Problem to solve
Common data integrity problems with uploads:
- The file doesn't exist
- The file changed (checksum mismatch)
- The associated model does not exist (i.e. a project record was deleted)
- Geo only: The file doesn't exist on a secondary
- Geo only: The file changed on a secondary
These problems can arise due to bugs or transient infrastructure problems.
Use case: Geo DR
This is especially relevant to Geo Disaster Recovery. Leading up to the GCP migration, I spent many hours verifying, fixing, and reverifying uploads.

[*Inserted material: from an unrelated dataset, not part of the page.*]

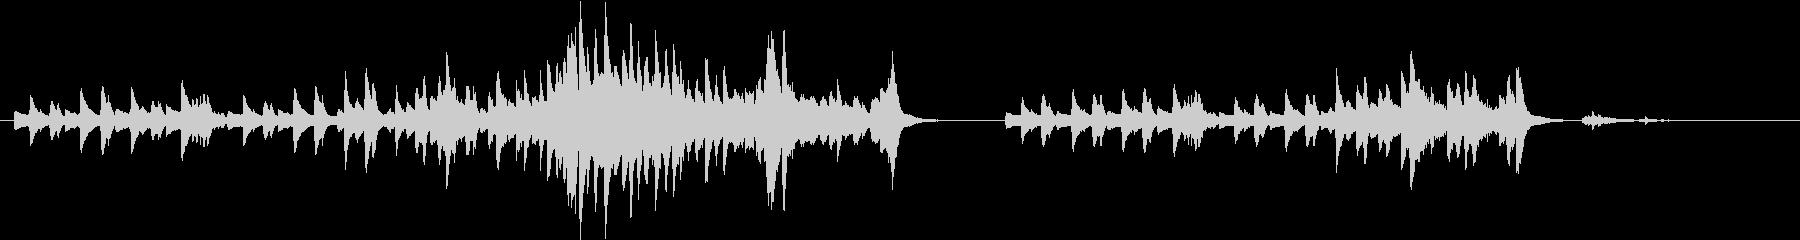 即興的でかっこいいピアノのオリジナル曲の未再生の波形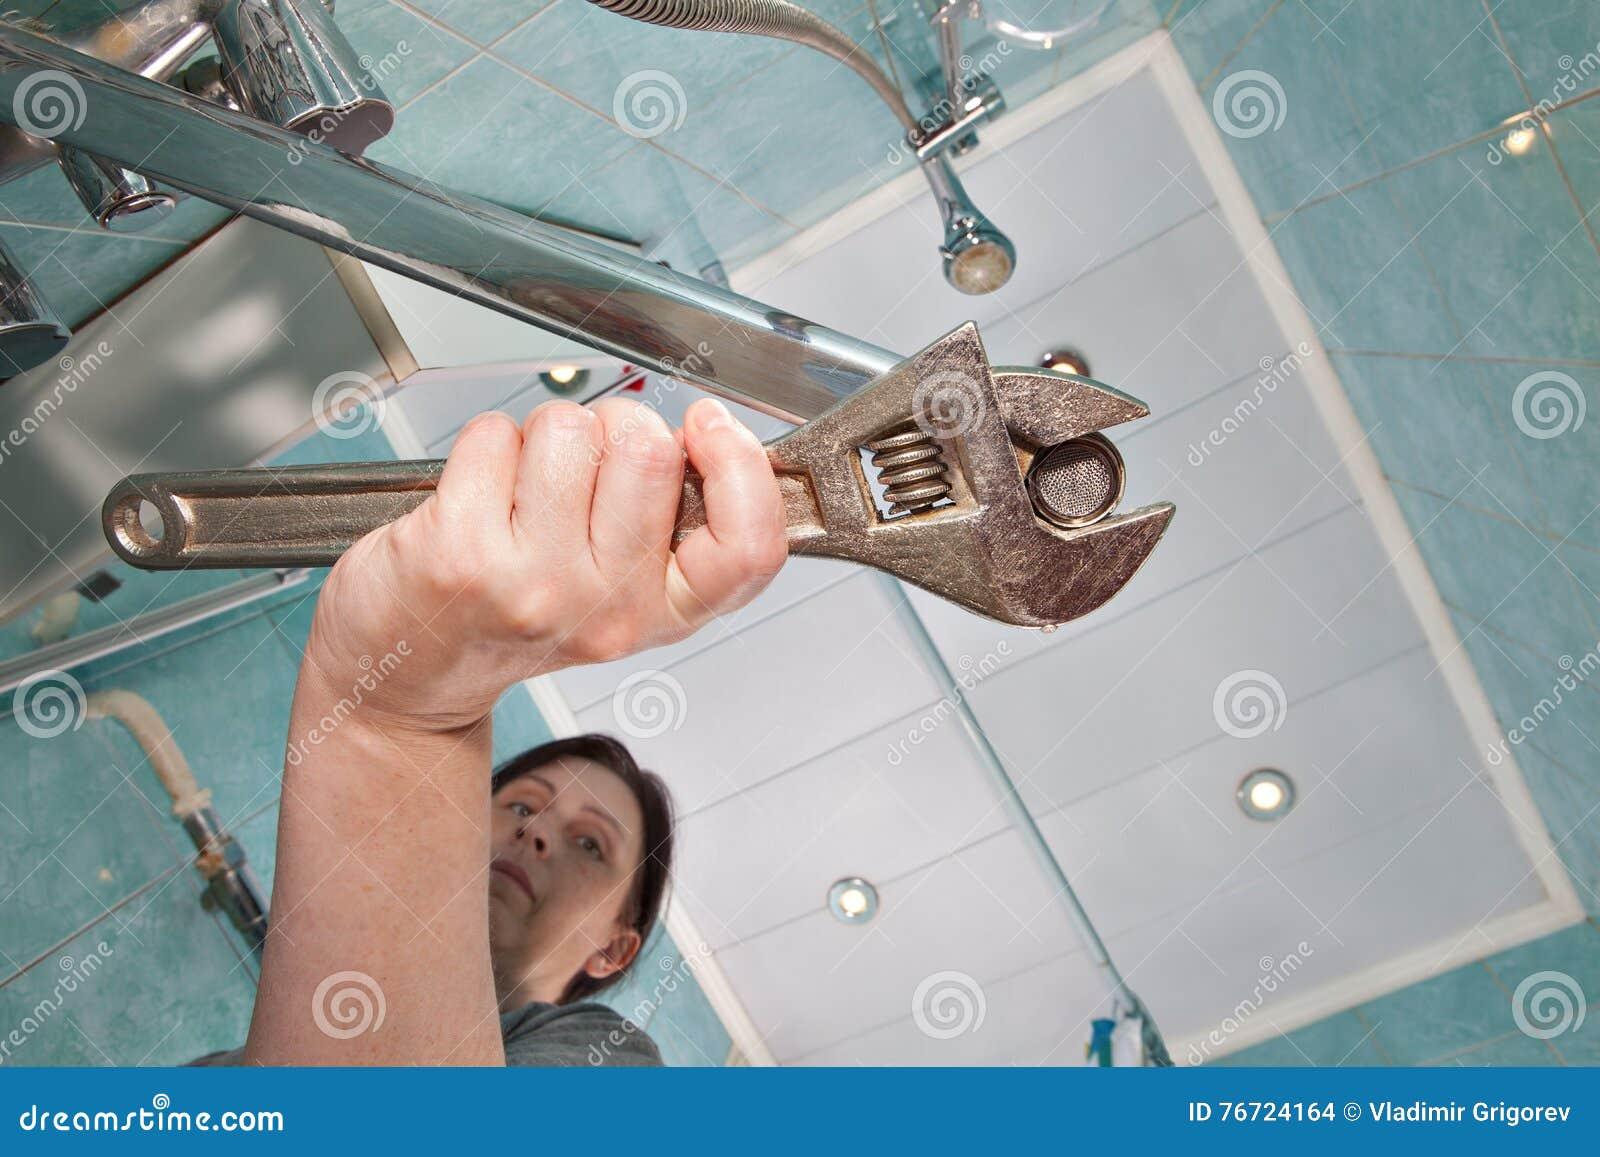 Rubinetto Del Bagno In Inglese : La donna stringe il rubinetto dellaeratore del dado facendo uso

We've fixed a lot of bugs in the process, and GitLab.com has switched to hashed storage for uploads, but sysadmins need assurance of data integrity or at least an indication that data needs to be fixed, in order to trust a DR solution.
- Add service to verify Uploads on secondaries
- Add service to checksum Uploads on primary
- Automatically verify Uploads on secondaries
- Ensure Upload checksum on primary
- Track primary Upload checksum counts
- Track secondary Upload verification counts
- When a primary Upload is checksummed, reset verification on secondaries
- Regularly reverify Uploads on primary
- Let admins adjust file verification rate
- Allow verification of files in Object Storage
We should track the number of
uploads that have passed vs failed verification. We could group by known failures too, but on second thought I don't think it is necessary on the first iteration. Most of the value is in having charts of passed vs failed.
What does success look like, and how can we measure that?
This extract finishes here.